The military this week brought charges against detainees at Guantánamo for the first time since the prison reopened. And, officials said, a Yemeni man and a Sudanese man, thought to be associates of Osama bin Laden and accused of conspiring to commit war crimes, will be tried before U.S. military tribunals.
Meanwhile, A Danish citizen held at Guantánamo for two years was returned to Denmark. Five Britons are expected to be released soon as well. About 650 prisoners remain at the base, 94 having been released.
But earlier this month officials at the Defense Department said they will likely keep a large number of detainees at Guantánamo Bay for many years or indefinitely. Guantánamo prisoners may not be released, officials said, even if they are found not guilty by a military tribunal. Similarly, prisoners found guilty have no guarantee they will go free after serving their time.
The government has used the fact that Guantánamo Bay is not in the United States as a reason that the prisoners aren’t guaranteed any rights. But even here we have thousands of prisoners who have experienced the same treatment but for decades longer.

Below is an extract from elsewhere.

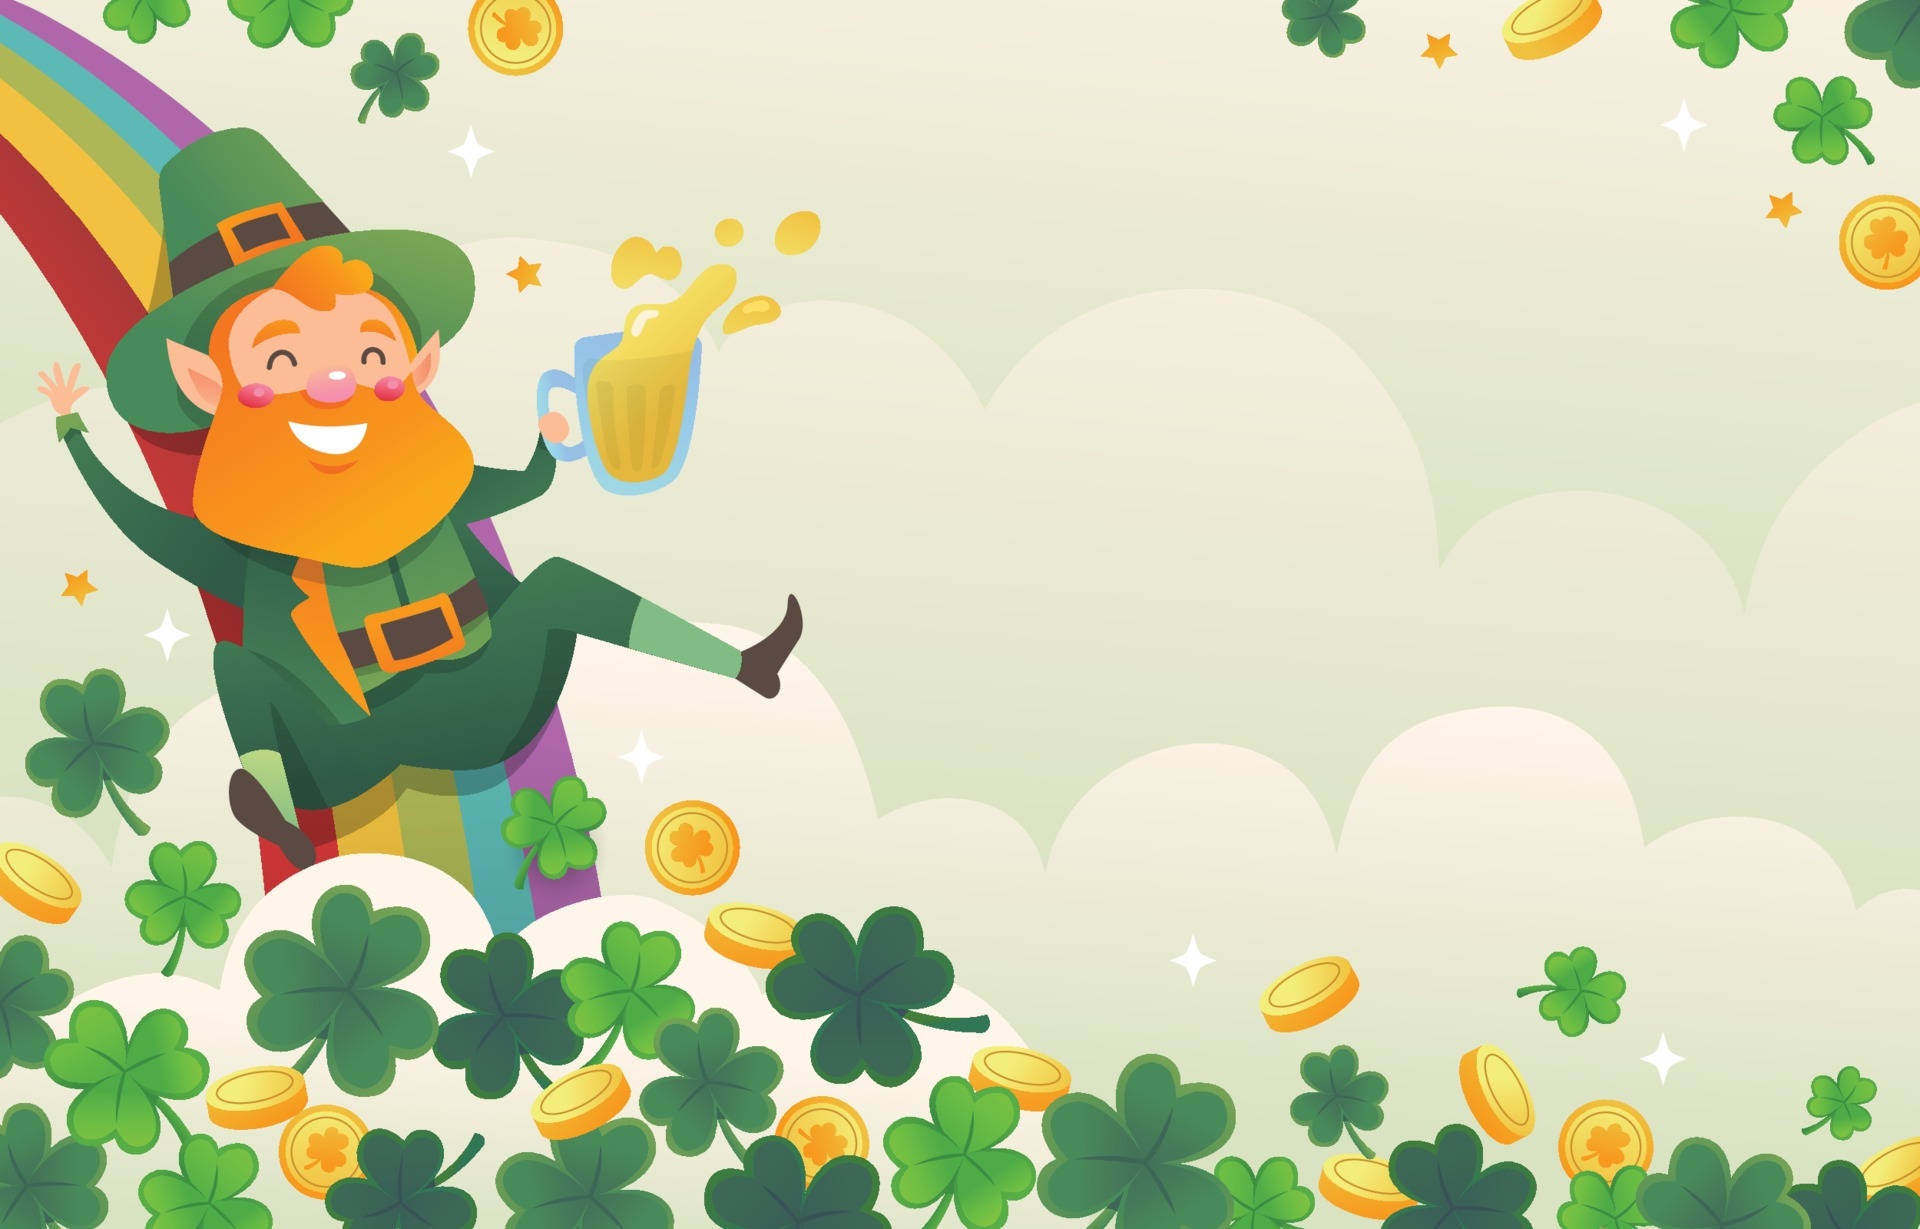 Saint Patrick’s Day With Cartoon Leprechaun Picture

Remember Al Pacino in Scarface? He played a Cuban criminal, one of many Fidel Castro sent to the United States by emptying jails and mental institutions when he realized he couldn’t stop a mass exodus of refugees. There were about 125,000 Cubans who arrived in Florida in during a six month period in 1980 from the Port of Mariel.
In 1984 Cuba agreed to take back 2,746 of the criminals and mentally ill, but only 1,646 have been returned to date. Another 920 Mariel Cubans, who have been convicted of crimes in the United States, were not included in that agreement and remain in prison indefinitely.
Last months the Supreme Court said it will decide whether the federal government may keep the Cubans and other illegal immigrants imprisoned after finishing their sentences for crimes committed in the United States. These are the ones whose home countries will not let them return.
The Cuban government imprisoned 75 of its people last year for gathering signatures to petition the government for some minimal civil liberties; petitioning is not illegal in communist Cuba. Many who signed the petition lost their jobs, were expelled from universities and blacklisted. Some were beaten or threatened and had their homes ransacked. The U.S. State Department said the campaign was "the most despicable act of political repression in the Americas in a decade."
A few months later, Fidel Castro’s government criticized the United States. "In the territory illegally occupied by the Guantánamo naval base,” the December statement said, “hundreds of foreign prisoners are subjected to indescribable abuses."
Chances are good that the Supreme Court will at least partially agree. The Geneva Convention defines those entitled to prisoner of war status in three classes. The first is "Members of the armed forces of a party to the conflict, as well as members of militias or volunteer corps forming part of such armed forces." International law experts agree that the Taliban prisoners clearly qualify.